One of my friends has helpfully pointed out that today is World Toilet Day. According to the World Toilet Organization, fully 40% of the world’s people do not have access to proper sanitation facilities.

World Toilet Day \'08

We do deserve better; I for one don’t particularly enjoy squatting in the bushes. The World Toilet Organization agrees, and sponsors World Toilet Summits and World Toilet Expos, “wherein all toilet and sanitation organizations can learn from one another and leverage on media and global support that in turn can influence governments to promote sound sanitation and public health policies.” They also started the first World Toilet College, providing training in toilet design, maintenance, school sanitation, disaster sanitation, and implementation of sustainable sanitation systems.

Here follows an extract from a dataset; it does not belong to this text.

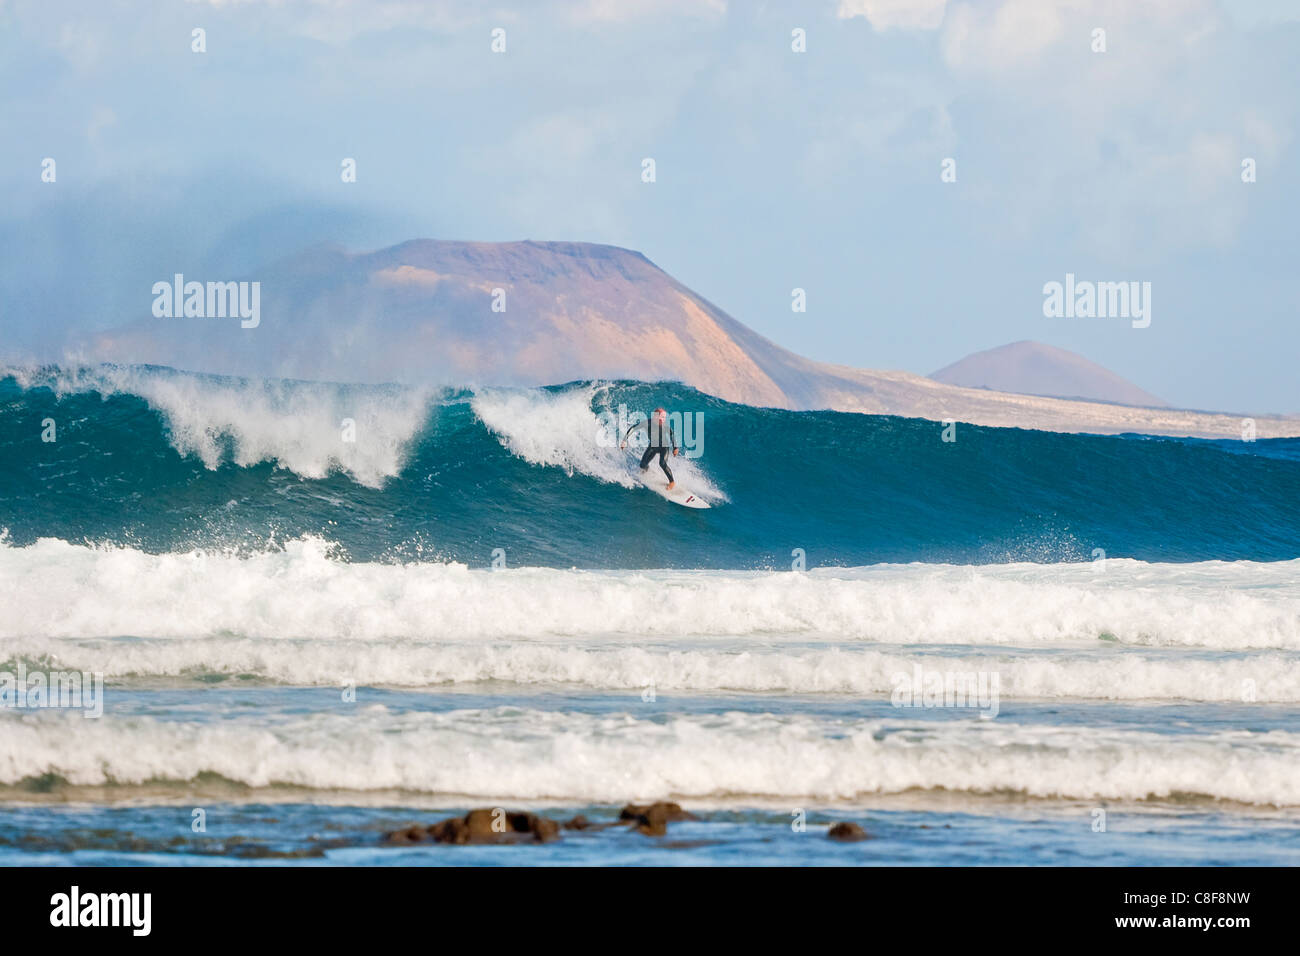 Surfer auf der Welle, Graciosa Insel hinaus Welt Klasse Surf Reefbreaks bekannt als San Juan, Famara, Lanzarote, Kanarische Inseln, Spanien Stockfoto
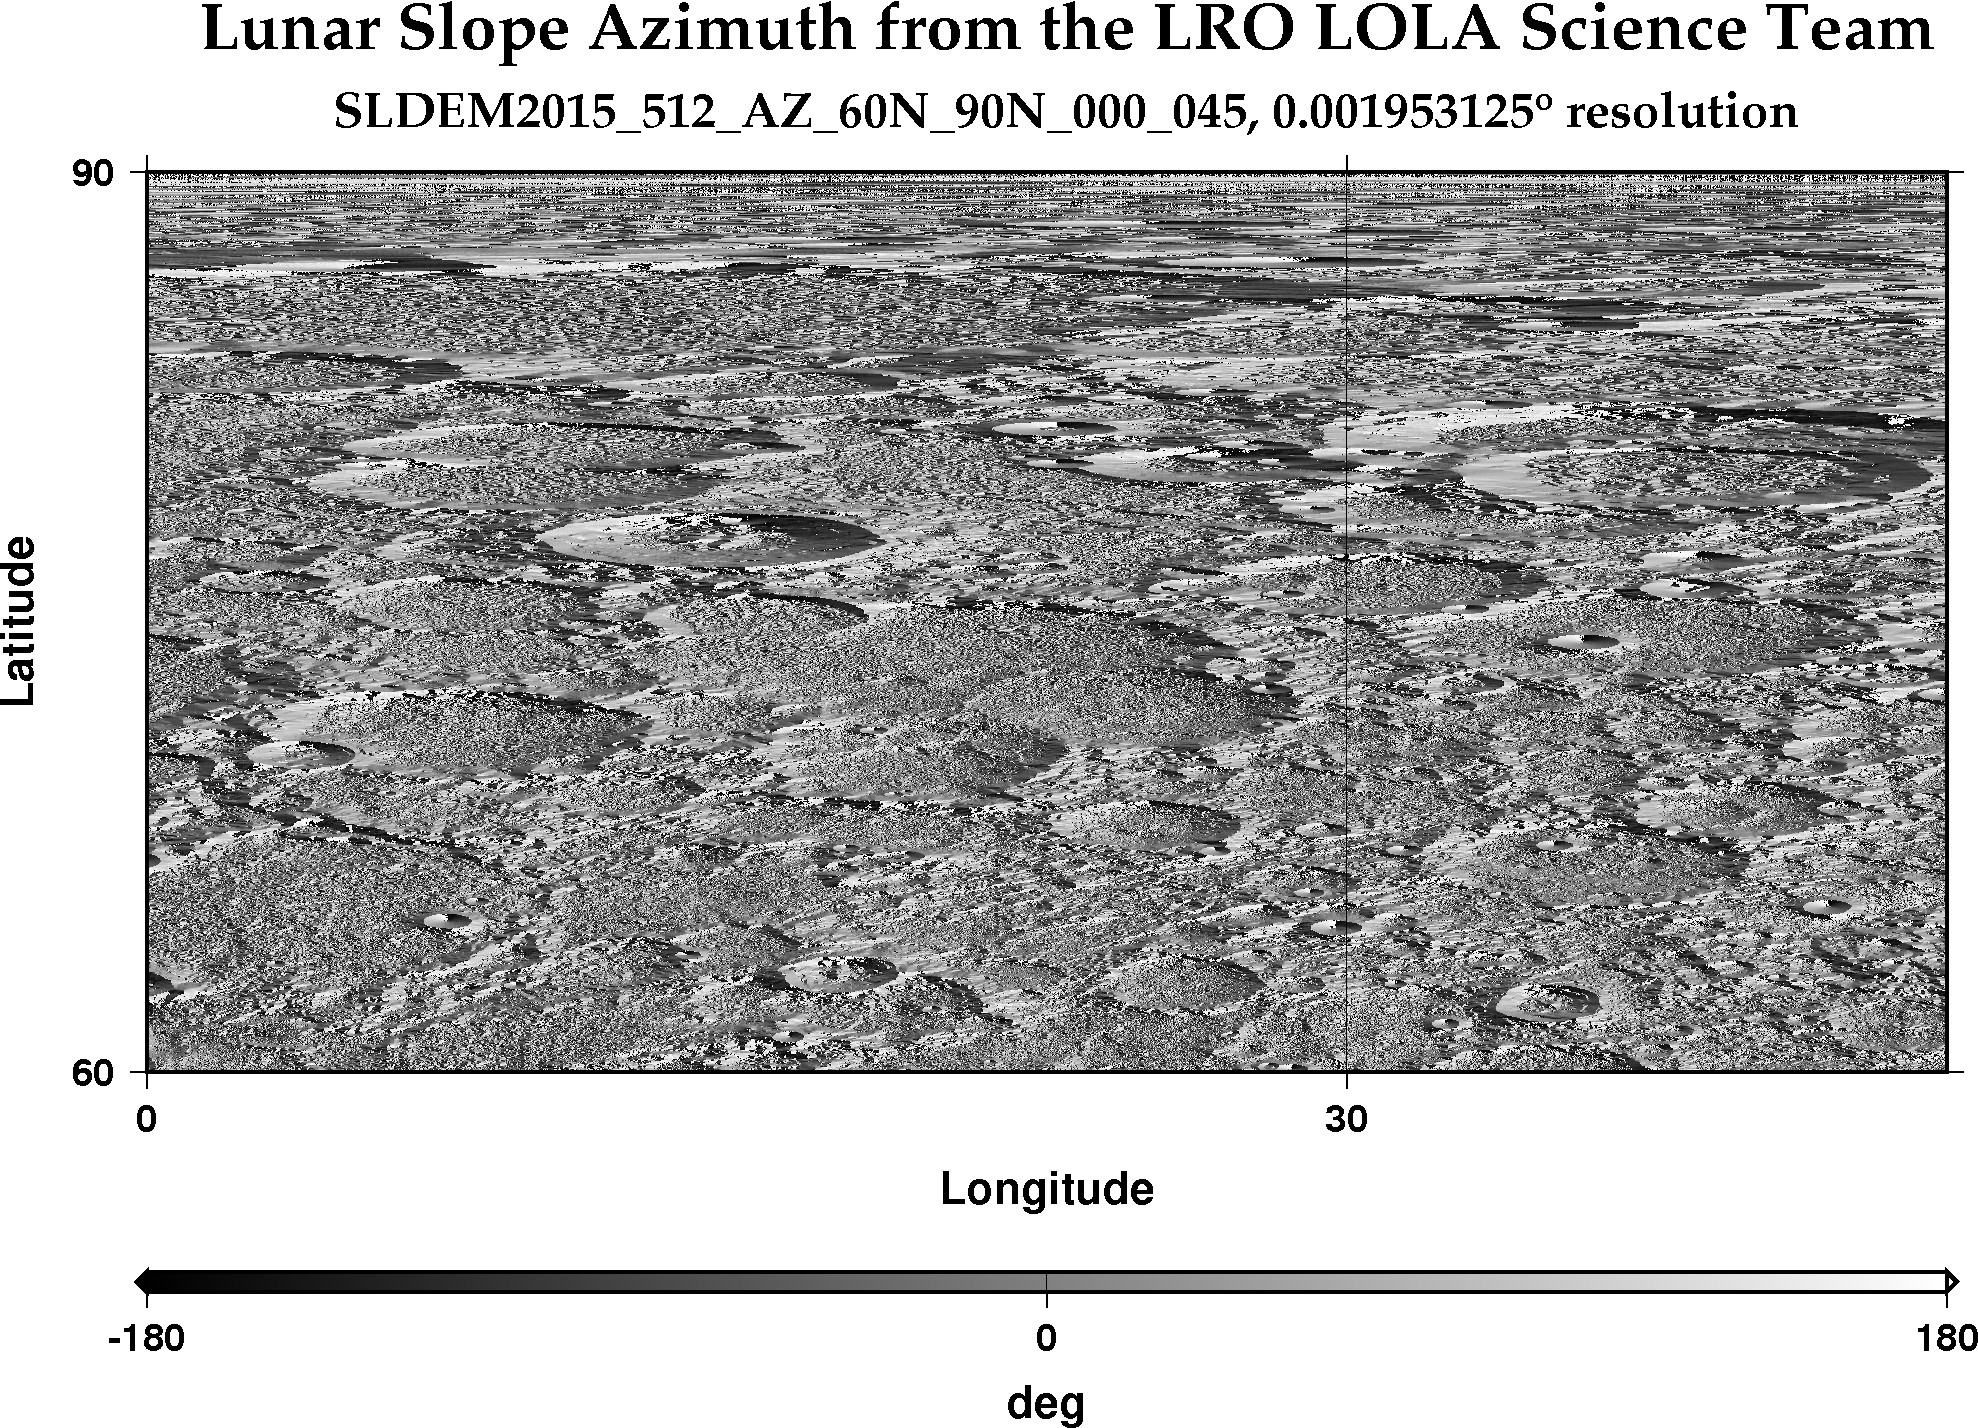 image of lunar topography for SLDEM2015_512_AZ_60N_90N_000_045

Okay, you can snicker now. I know I am.

This would be even funnier if it wasn’t actually serious — human waste is a major disease carrier if not handled correctly, and an awful lot of people are still just pooping on the ground or in the river. But let’s not dwell on negatives; in the carefree spirit of World Toilet Day, I thought I’d briefly discuss, and show some pictures, of the types of toilets I’ve encountered in various parts of the world. Travel yields many surprises, and, astonishingly, there were places where I had to learn to wipe my ass all over again. (”Don’t you know how to use the three seashells?” indeed.)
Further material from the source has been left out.